主人公ランスと相棒で幼馴染の商人ワース。ランスは自身の野望である舞台を作り上げ名を轟かせることに魂を注ぐ。相棒ワースは舞台に興味は無いが類稀なる商才を活かし、ランスを経済的にサポートする。

ランスは後々のウィリアム・シェイクスピア本人なのだが、ランス、ヒューズともう1人、シェイクスピア作品の作成に大きく携わる1人の少女がいた。彼女の名前はリー。事故で川に流されていたところをランスとワースに救われ、生活を共にすることとなる。

ある時、彼女はわずか1ヶ月ほどで英語をマスターしたことから天才的な語学力と詩才を兼ねていることが判明する。彼女の生み出す詩は、シェイクスピア作品に大きく影響を及ぼすこととなる。

[作品の推し所・感想]

ウィリアム・シェイクスピアは実在した人物だが、この物語自体は、ほぼ空想の物語と言っていいだろう。しかし、時代背景はしっかりしているので、伝説の戯曲家、シェイクスピアが生きた時代、演劇という娯楽は世間一般のどの位置付けにあったのか、またそこにシェイクスピアが関わることによってどのような革新をもたらしたのか。時代背景をしっかりと理解した上でシェイクスピアの素晴らしさを堪能することができる。また、空想の物語とはいえ、リーという少女の存在はSF要素も盛り込まれているような感覚になる。

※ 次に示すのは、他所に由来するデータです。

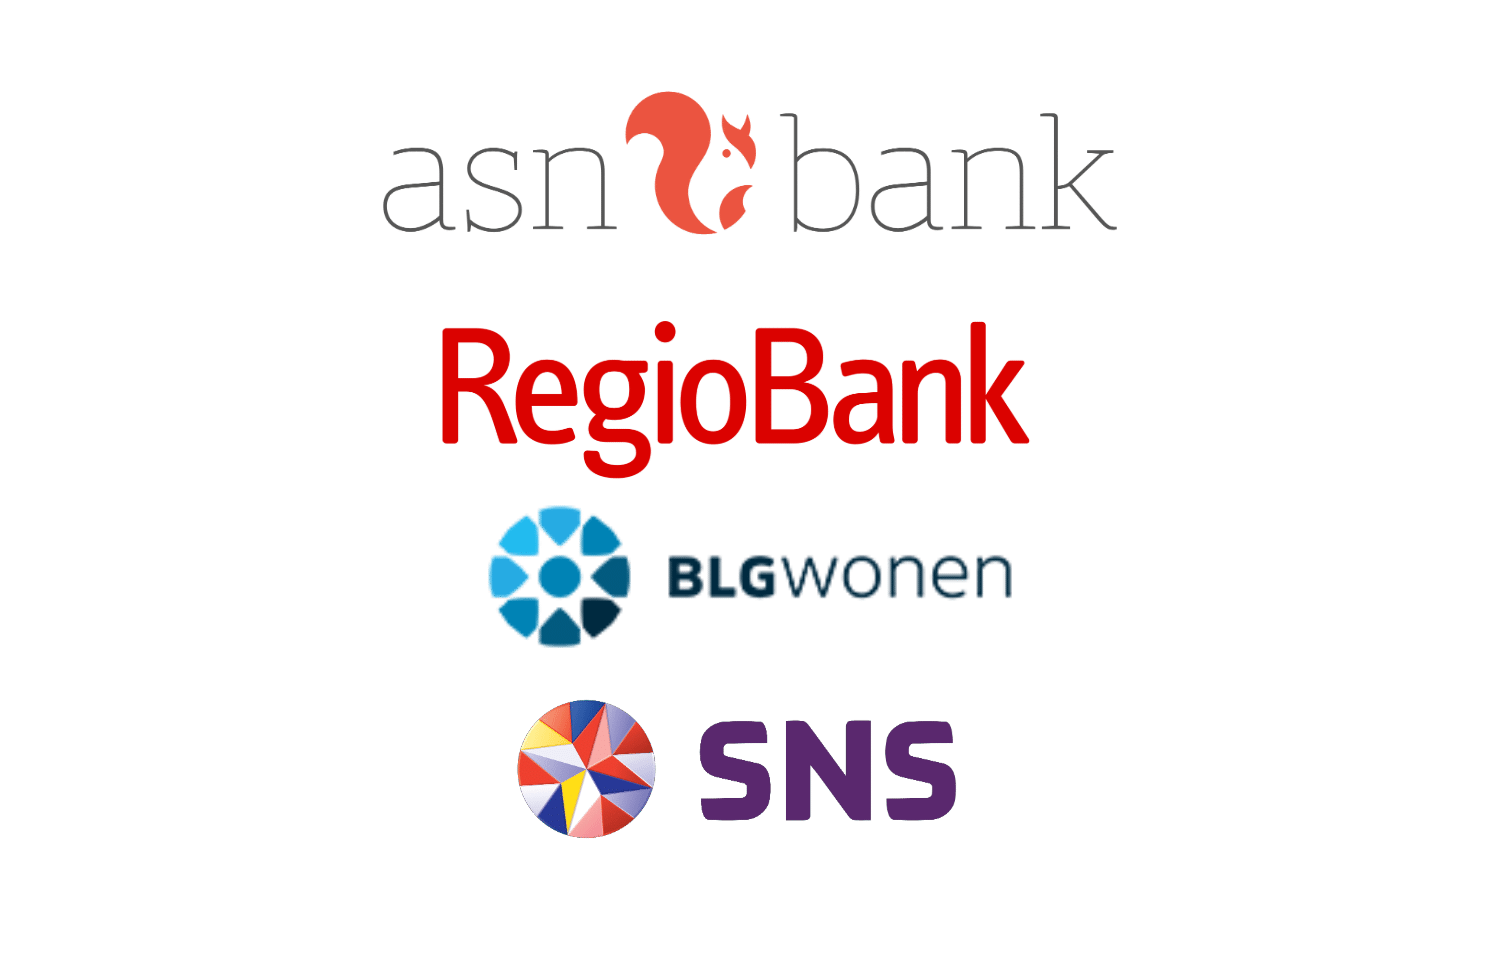 volksbank -asn bank - regiobank - blgwonen - sns - susteen - energieadvies -energiebespaarplan plus-acties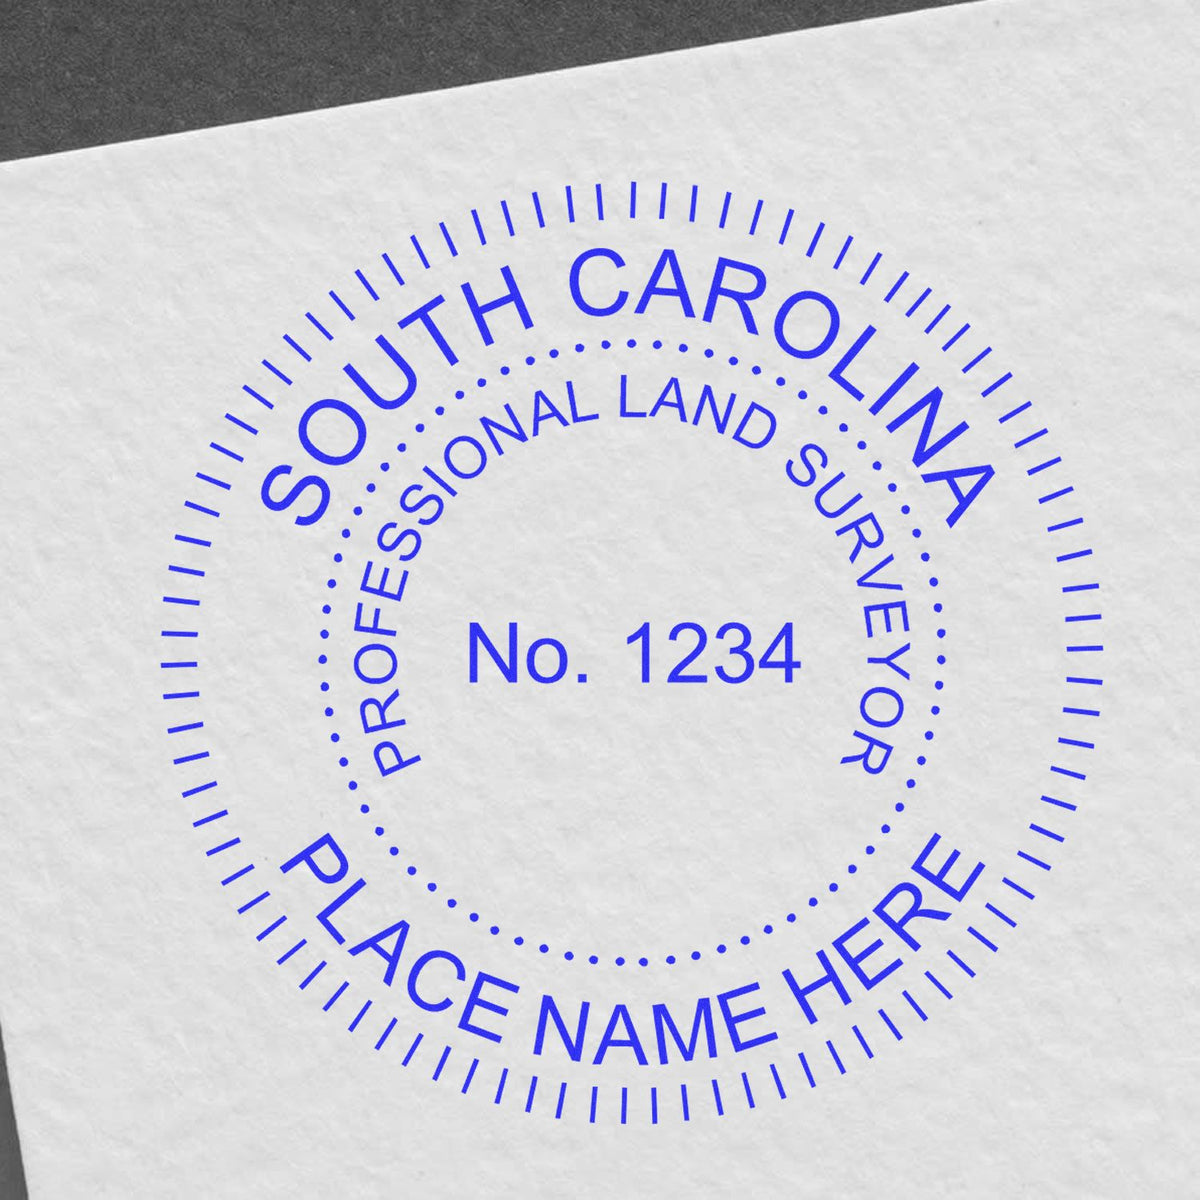 South Carolina Land Surveyor Seal Stamp In Use Photo

それほどまでに、シェイクスピアという人物が、あの時代で中流階級の身分で舞台を作り上げ、名作を生み出すことが、想像を絶することであり、現実的には表現しきれないとてつもないことを成し遂げた戯曲家なのだろうということが分かる。私自身、シェイクスピアの作品自体はある程度のあら筋くらいは知っているにせよ、その素晴らしさ、美しさを理解できるほどの才能は無い。しかし、あの有名な「ヴェニスの商人」がこのタイミングで、ここまで切羽詰まった状態で絞り出したものなのかと、作品誕生の瞬間に立ち会えたことに少しだけ得をした気分になれる。それがフィクションにしろノンフィクションにしろ、シェイクスピアの苦悩を漫画という形で見ることができるおかげで、そこまで得意では無いシェイクスピア作品を少し違った目線で、今後見ることができるだろう。

「七人のシェイクスピア」という作品の面白さを堪能するだけではなくシェイクスピア作品の舞台を見る上での楽しみも与えてくれる、一石二鳥ともいえる漫画という現代の娯楽作品で、一昔前の娯楽の素晴らしさも堪能してみてはどうだろう。